According to GOP lawmakers and aides, it involves adding a package of conservative policy provisions to the continuing resolution the Senate approves. The two likeliest provisions are measures that repeal the medical device tax (which enjoys some bipartisan support and would represent a substantive blow to the law itself) and ban subsidies under the health law for federal lawmakers and their staff members (which lawmakers think would earn media attention but amount to little more than a symbolic political victory.)
While a small group of conservatives wants to send back to the Senate a new CR that delays Obamacare for a year, lawmakers know there’s no time for that if they want to avoid a shutdown.
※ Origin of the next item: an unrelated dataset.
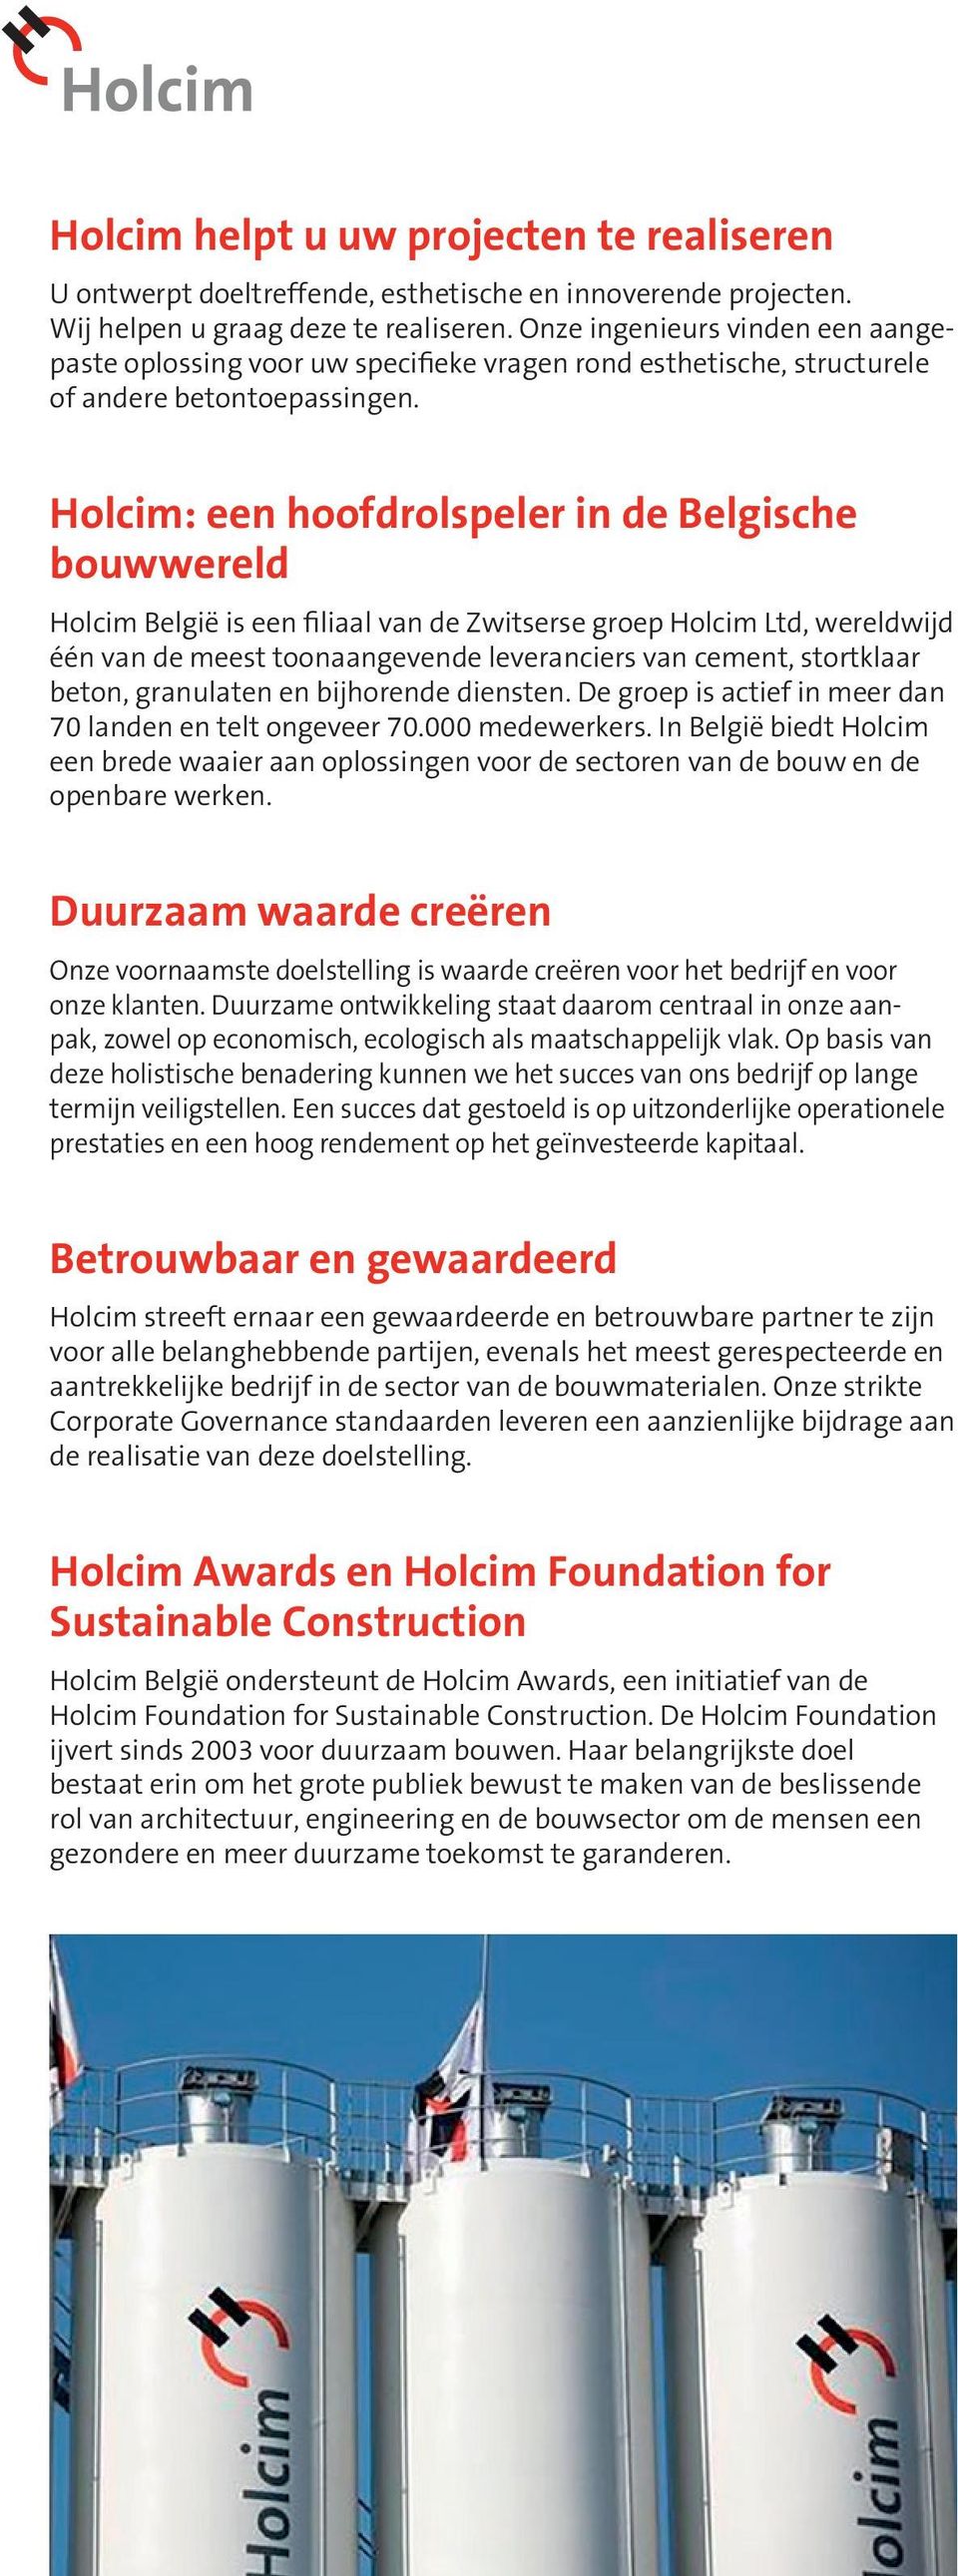 Holcim: een hoofdrolspeler in de Belgische bouwwereld Holcim België is een filiaal van de Zwitserse groep Holcim Ltd, wereldwijd één van de meest toonaangevende leveranciers van cement, stortklaar

Notably, there seems to be no discussion of re-inserting the original language to defund Obamacare and sending back to the Senate the same CR it will have just rejected – an approach some House Republicans were agitating for as recently as last week.
The second step in Boehner’s plan involves the debt-ceiling – specifically, Republicans demanding a one-year delay in the implementation of Obamacare in exchange for extending the nation’s borrowing limit before the Treasury Department runs out of money to pay the country’s bills on Oct. 17.
Several influential conservatives, led by Rep. Tom Price of Georgia, have been encouraging their House colleagues to approach the CR and debt-ceiling episodes as two fronts in the same war against Obamacare. This would afford House Republicans some flexibility to say they are attacking Obamacare from several different angles, they argue, while also helping to save face after the Senate disposes of their proposal to defund the health care law.